PROMPT: When you write out the listing, keep each word exactly as it stands but include none of its images.

GIVEN DATA:
<<<<

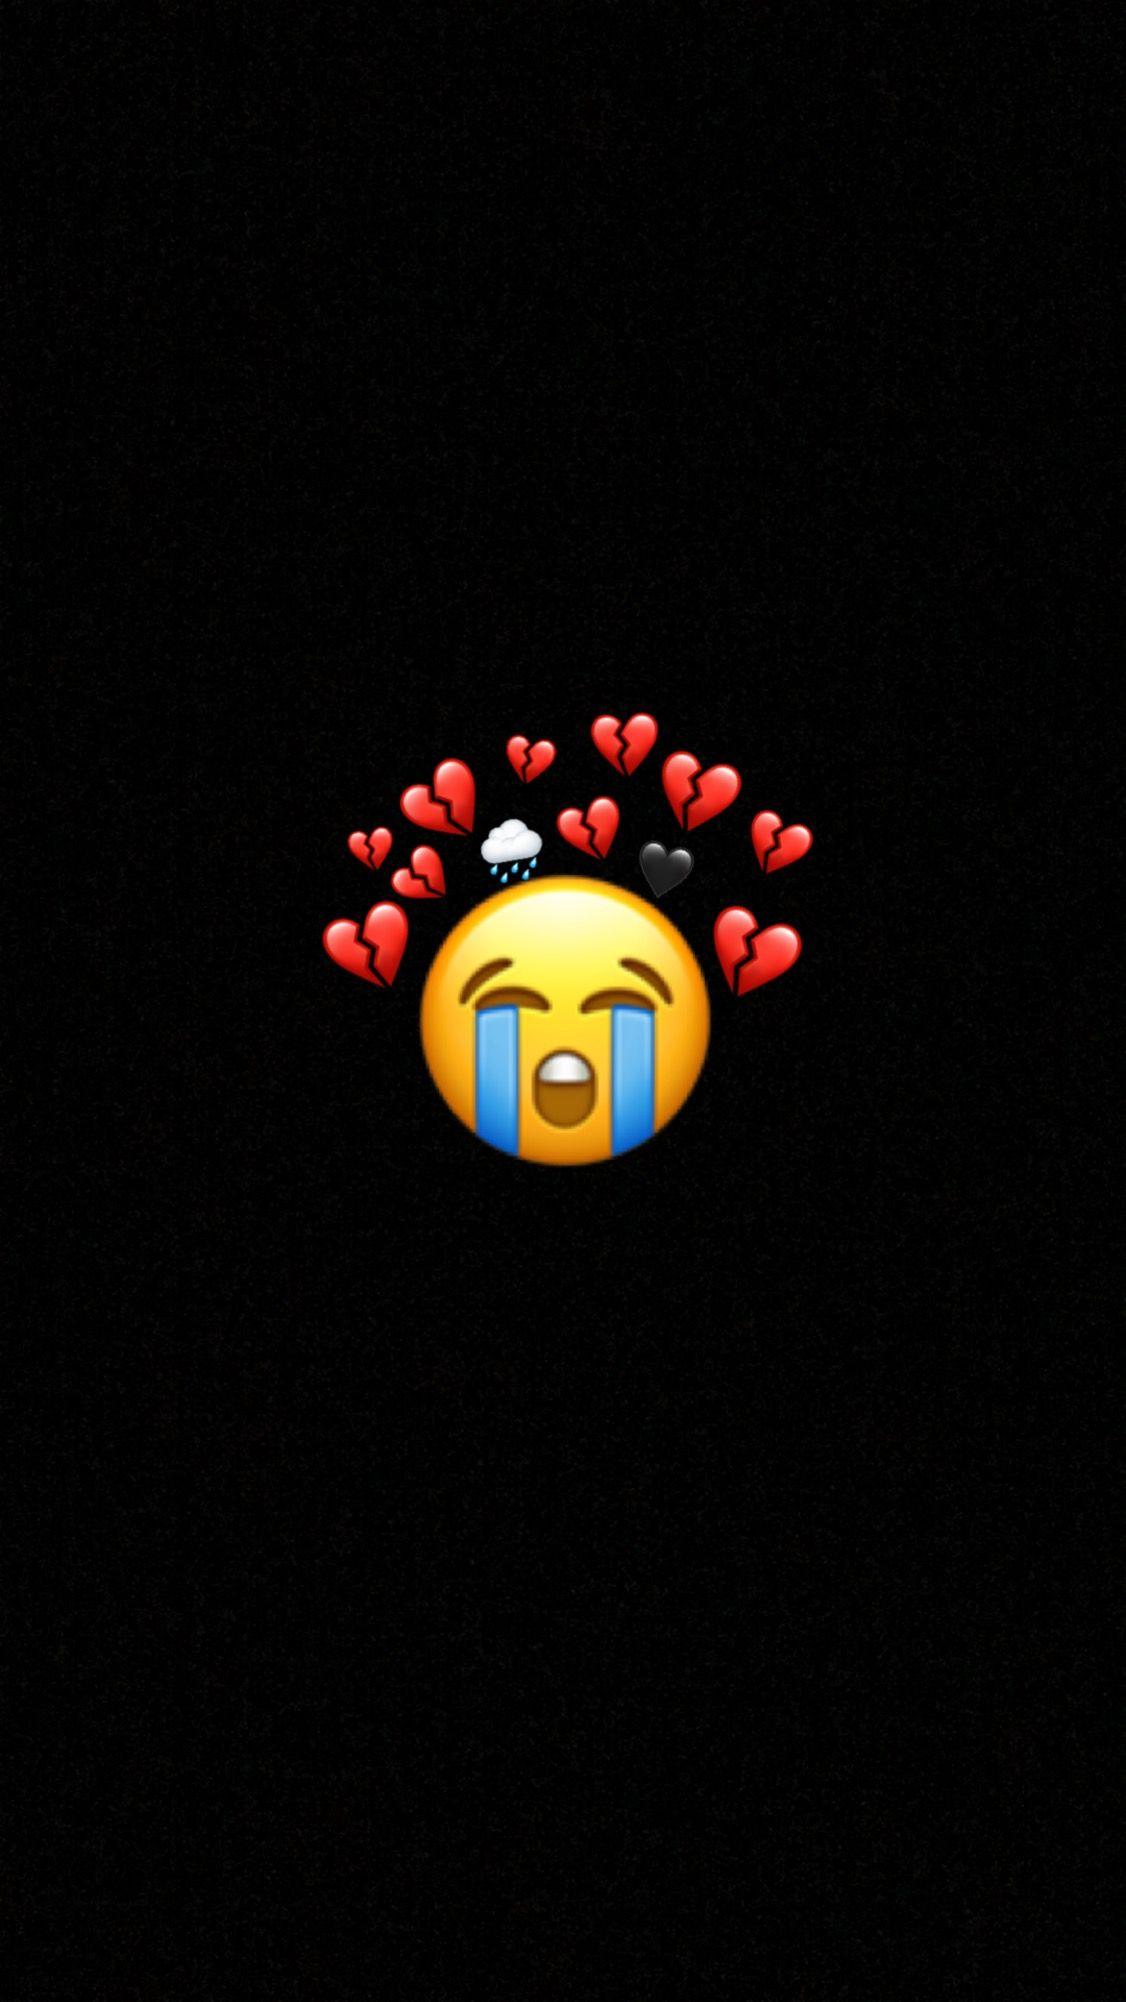 Pin De Arzoo Khan En Just Cuz Fondo De Pantalla Emoji Fondo De Iphone Emoji Fondos
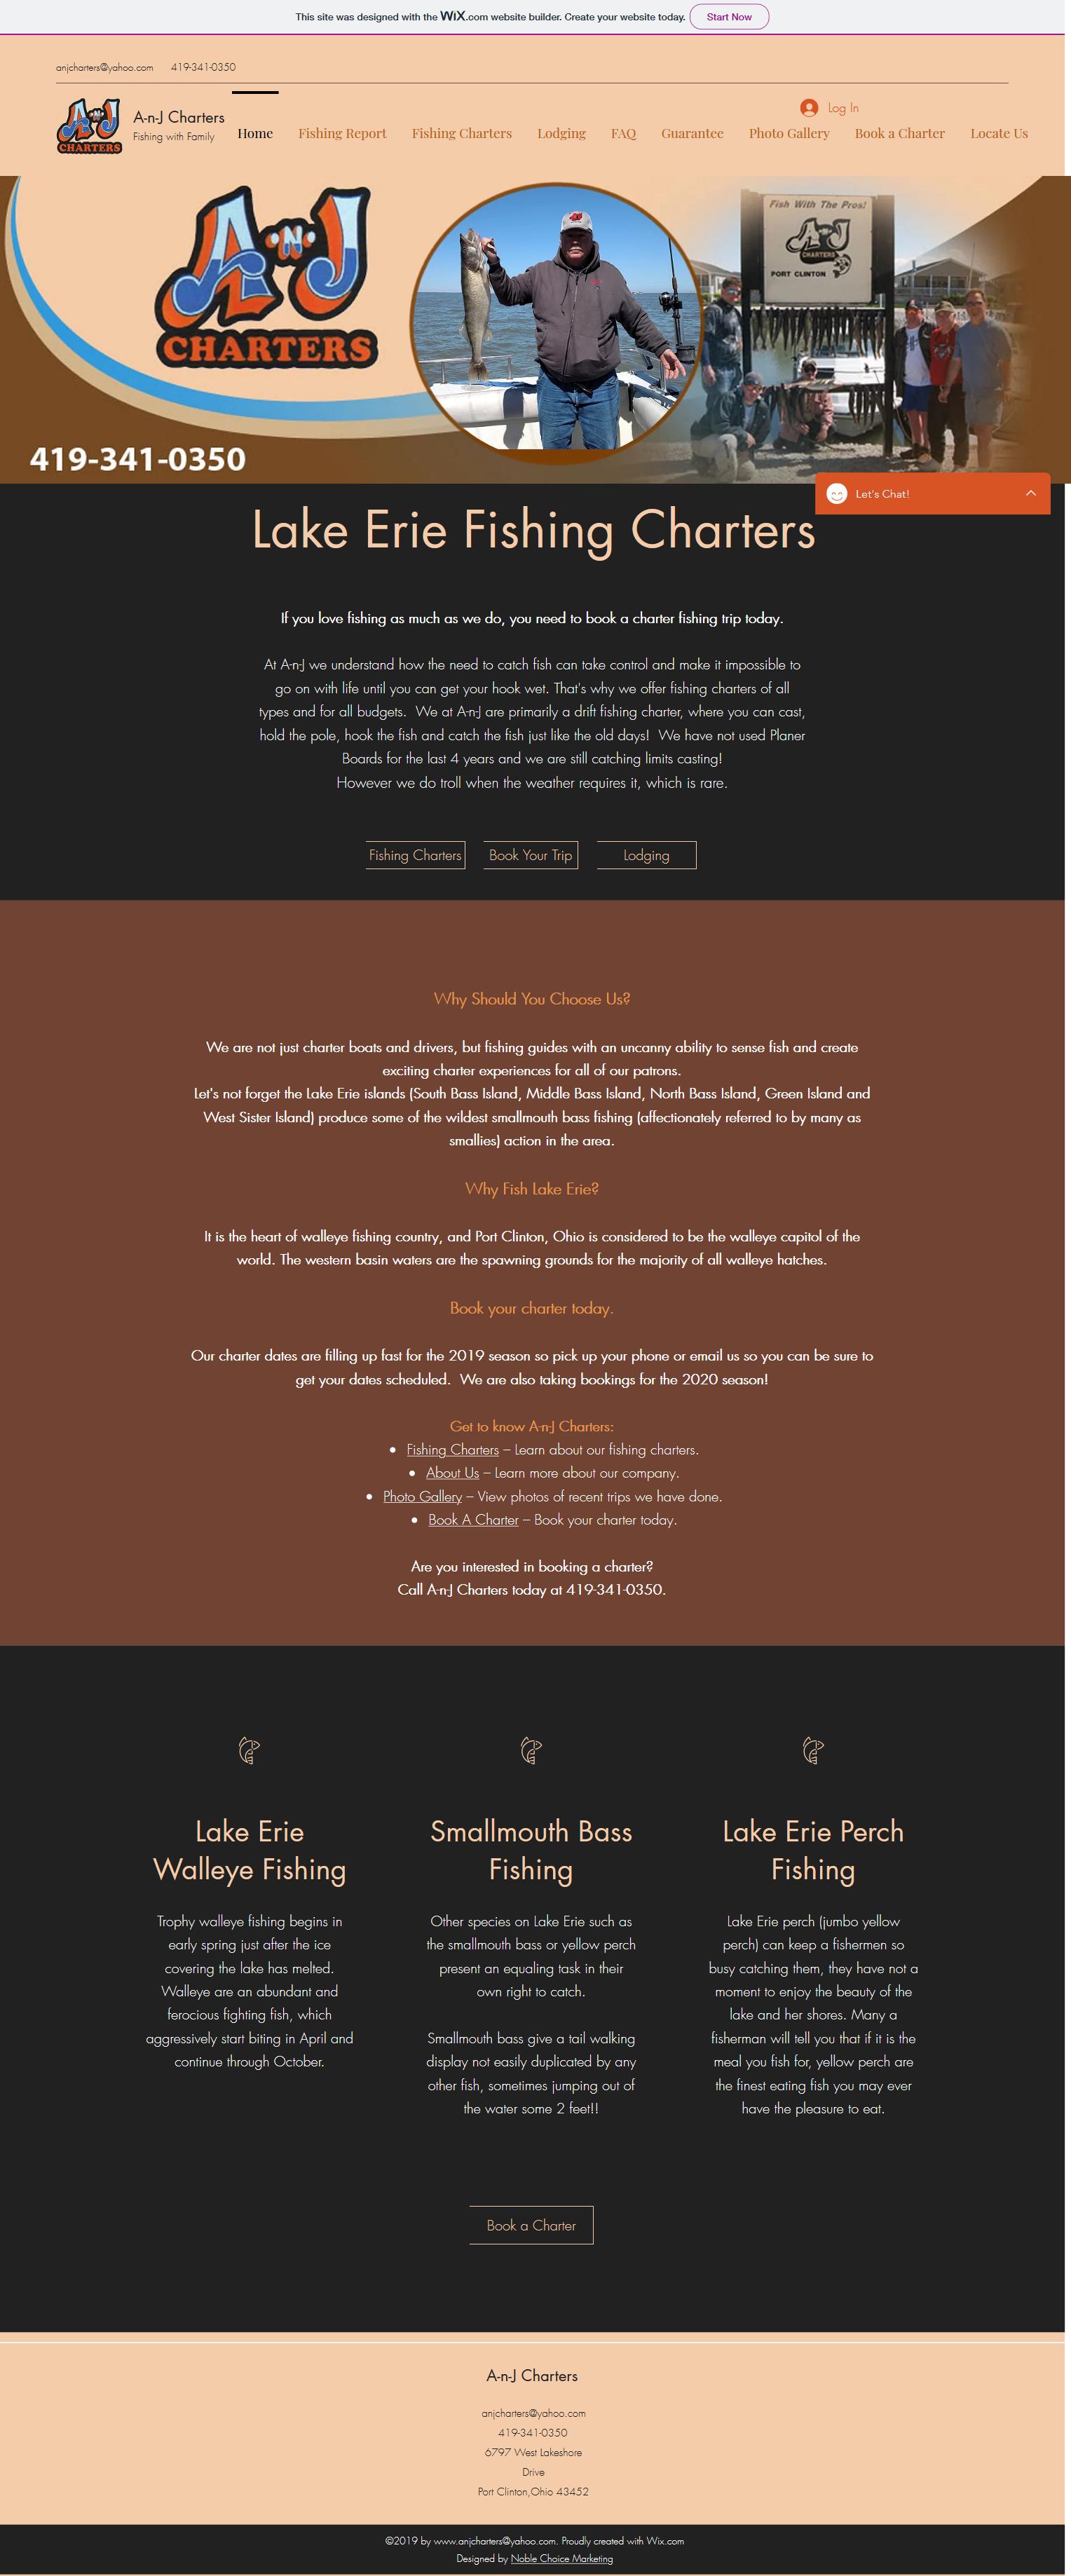 Screenshot_2019-10-25 Home A-n-J Charters
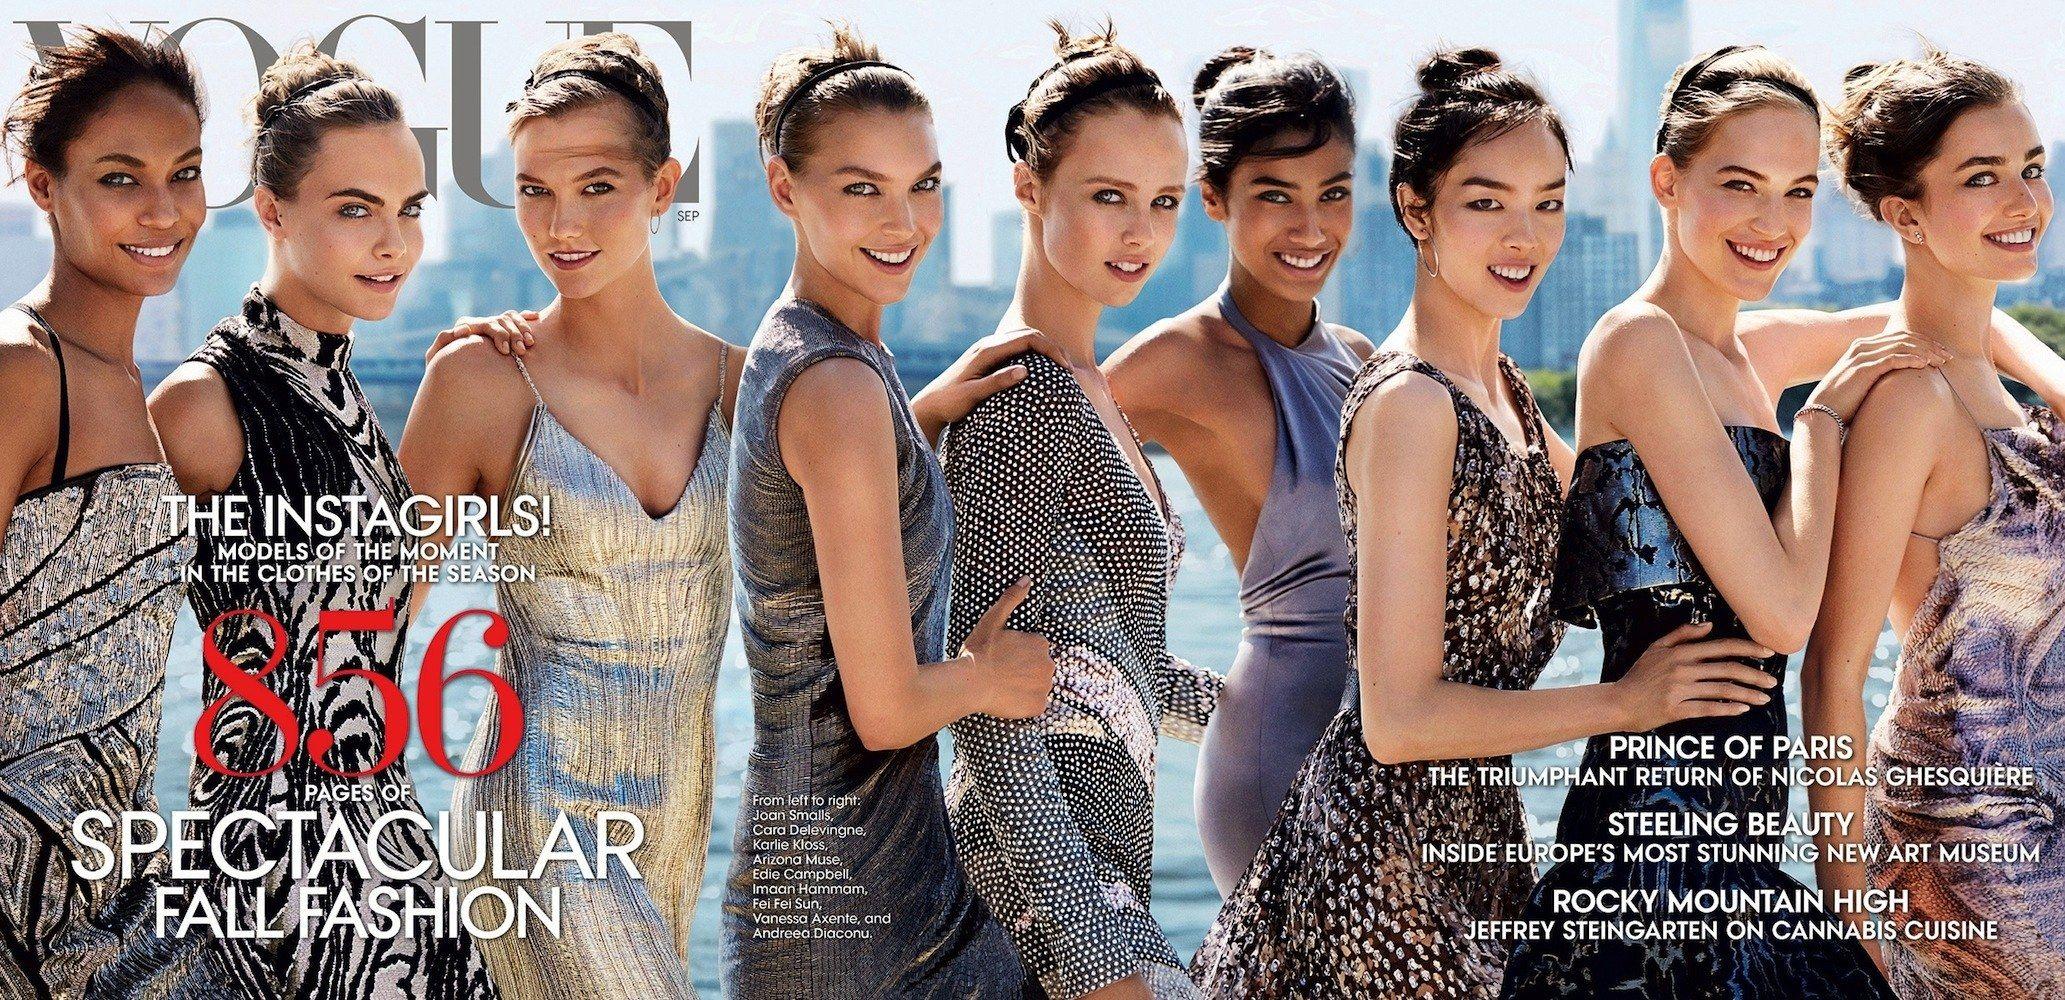 Cara Delevingne Vogue September 2014

>>>>

COMPLETED TASK:
 Pin De Arzoo Khan En Just Cuz Fondo De Pantalla Emoji Fondo De Iphone Emoji Fondos
 Screenshot_2019-10-25 Home A-n-J Charters
 Cara Delevingne Vogue September 2014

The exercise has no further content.